The goal total is likely safe but the assist mark is soon to be eclipsed and Wheeler is all good with being a helper rather than a finisher.

“I get more joy out making somebody else’s day. If it was 18-3 the other way, I’d have more of a problem with it. I enjoy moving the puck around and getting everyone involved. The goals will come, just by creating chances,” said Wheeler.

The natural assumption when one first sees Wheeler play is that he’s a prototypical power forward. At 6-foot-5 and 214 pounds with lots of speed and soft hands, he could certainly be a net-crashing goal scorer.

But Wheeler’s ice vision might be his best asset and he says how the puck gets in the net or who puts it there isn’t paramount.

“I was taught by a guy who had a lot of points that it’s not the first or second column that they count but the third column,” said the 25-year-old Wheeler, who was traded by the Bruins to the Atlanta Thrashers last season. “So, regardless, the goals are for the team and I’m not concerned who is putting the puck in the net so long as it gets there.”

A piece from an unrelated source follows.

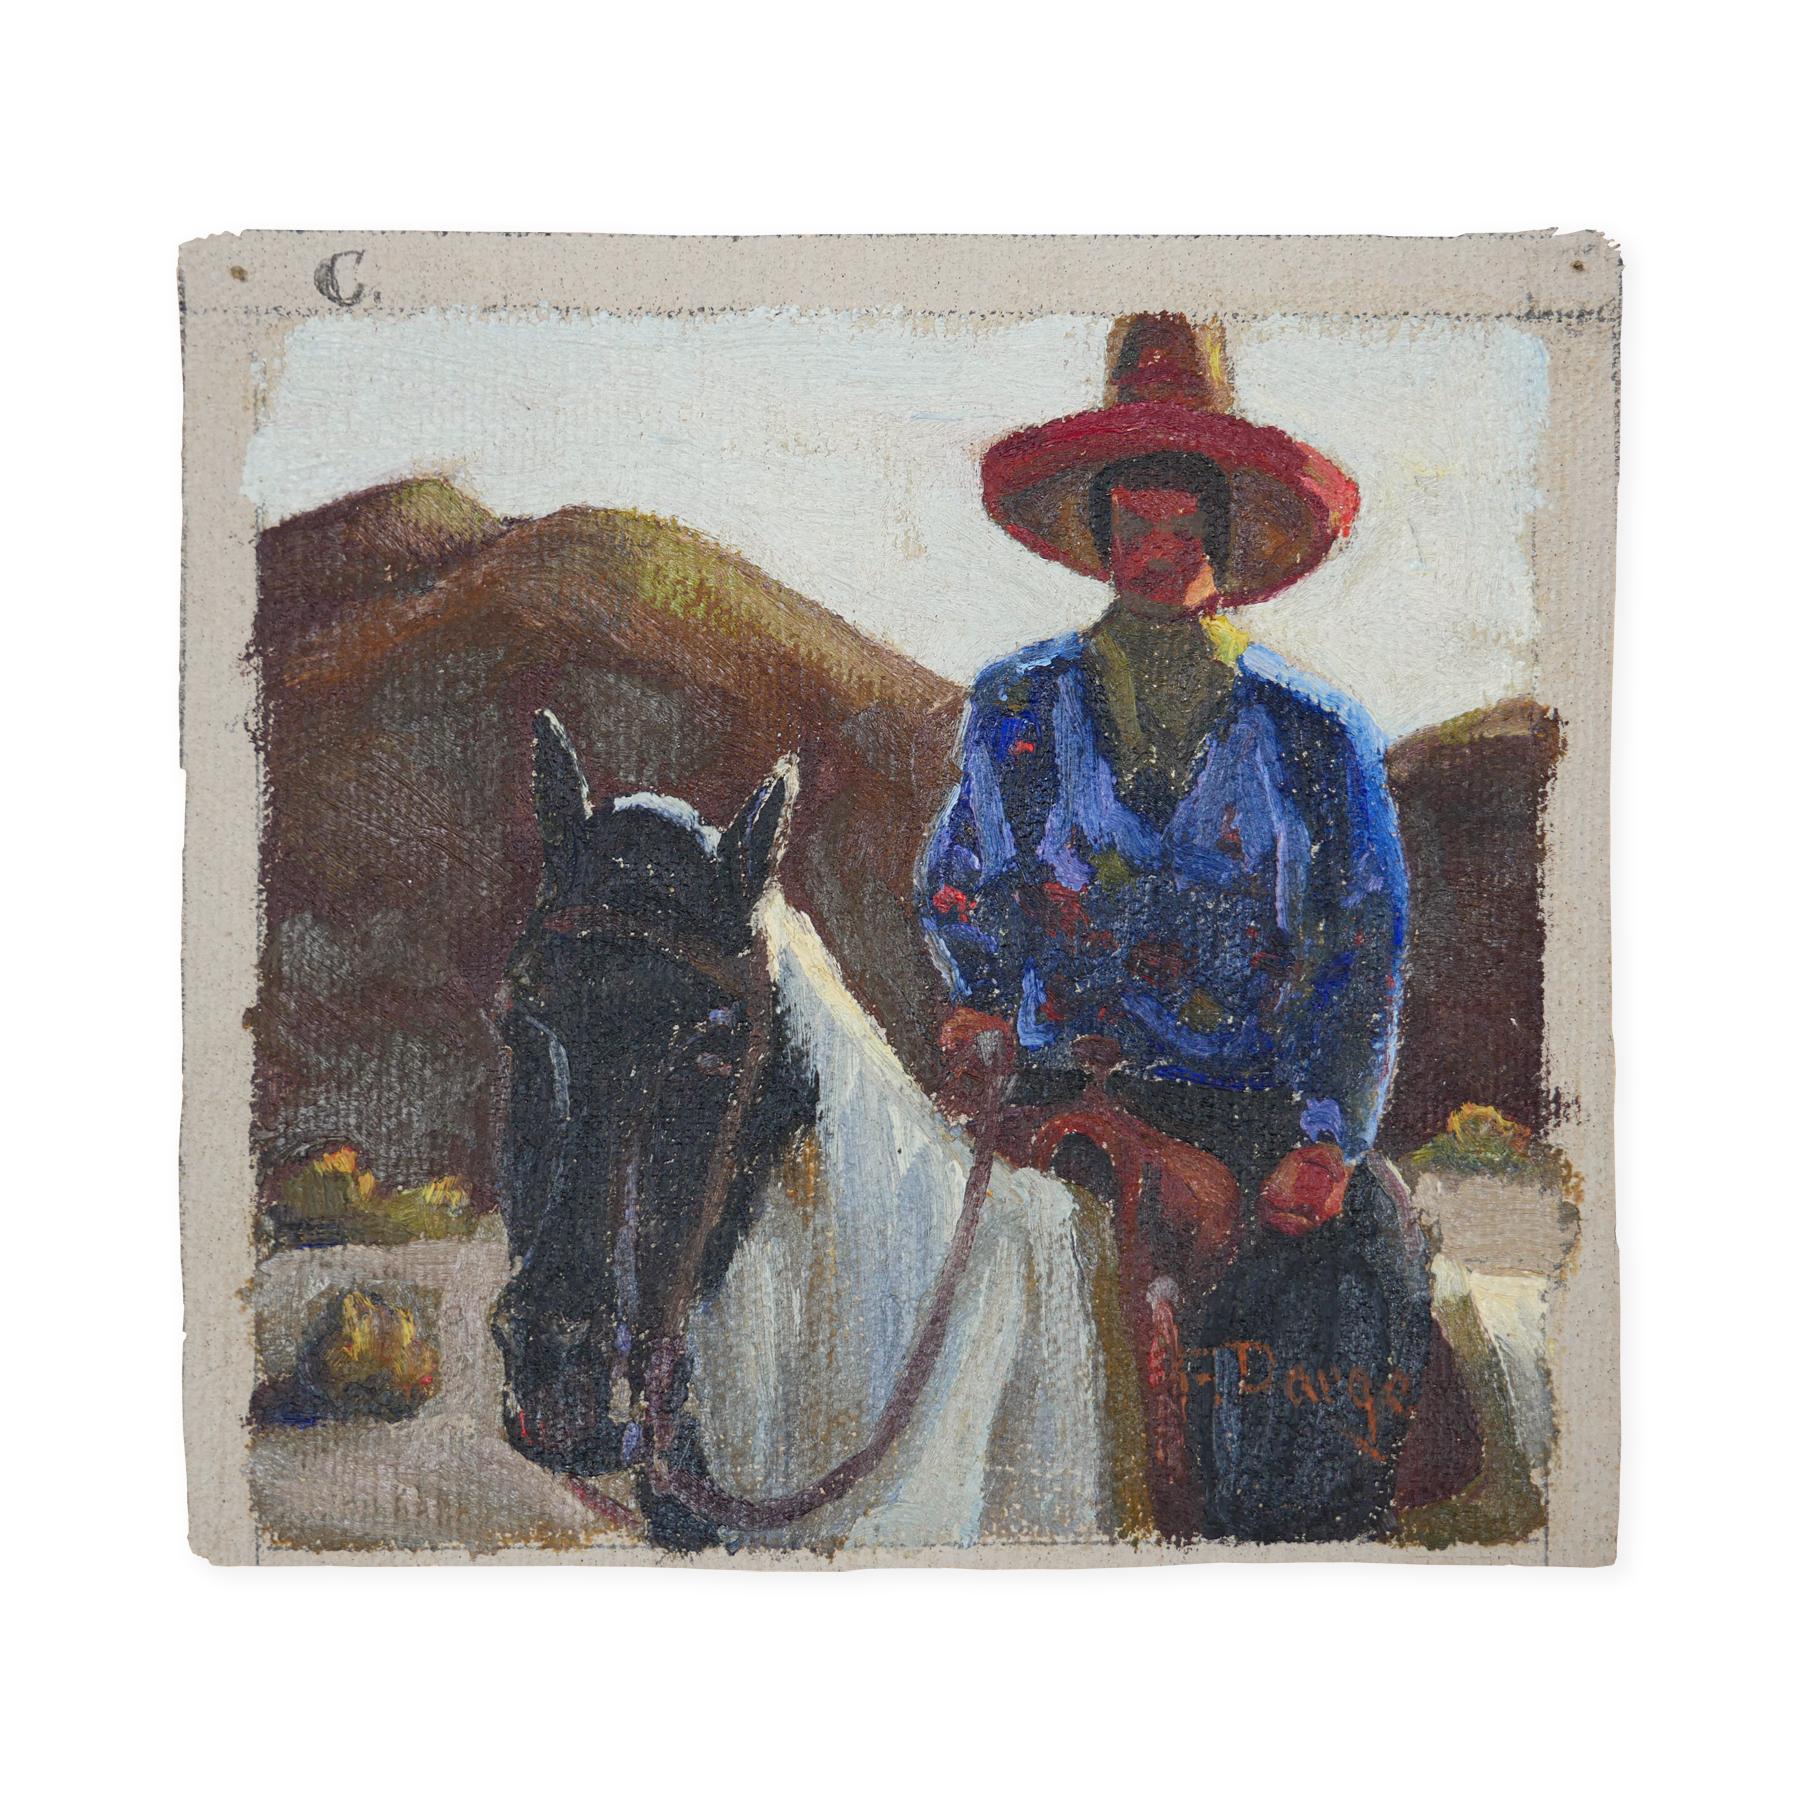 Peinture impressionniste abstraite bleue, rouge et brune d'un cow-boy sur un cheval - Painting de Fred Darge

Three goals, however, isn’t enough from Wheeler and there needs to be more of a scoring element to his game.

“It’s driven some of my coaches nuts because I get into certain spots and they just want me to shoot and I’m looking for the next pass,” said Wheeler. “I’m playing with guys that see the ice really well and if they can score better than me, then I’m good making the pass to them.”

The line of Wheeler, Bryan Little and Evander Kane has been Winnipeg’s most potent this season.

“You can’t cover Kane, especially on the breakouts. He’s just gone and that’s the name of the game, to give him the puck with speed. For me, to play with a guy that likes to shoot like he does and that’s dangerous from anywhere in the zone is perfect. You make one pass and he creates his own chance. He can score from anywhere,” said Wheeler. “And Lits, he’s been hot and he can really find the open spots.”

Wheeler’s selfless approach is admirable but the best passers in hockey history all scored lots of goals as well.

Shooting more will round out Wheeler’s game and make him less predictable and more effective.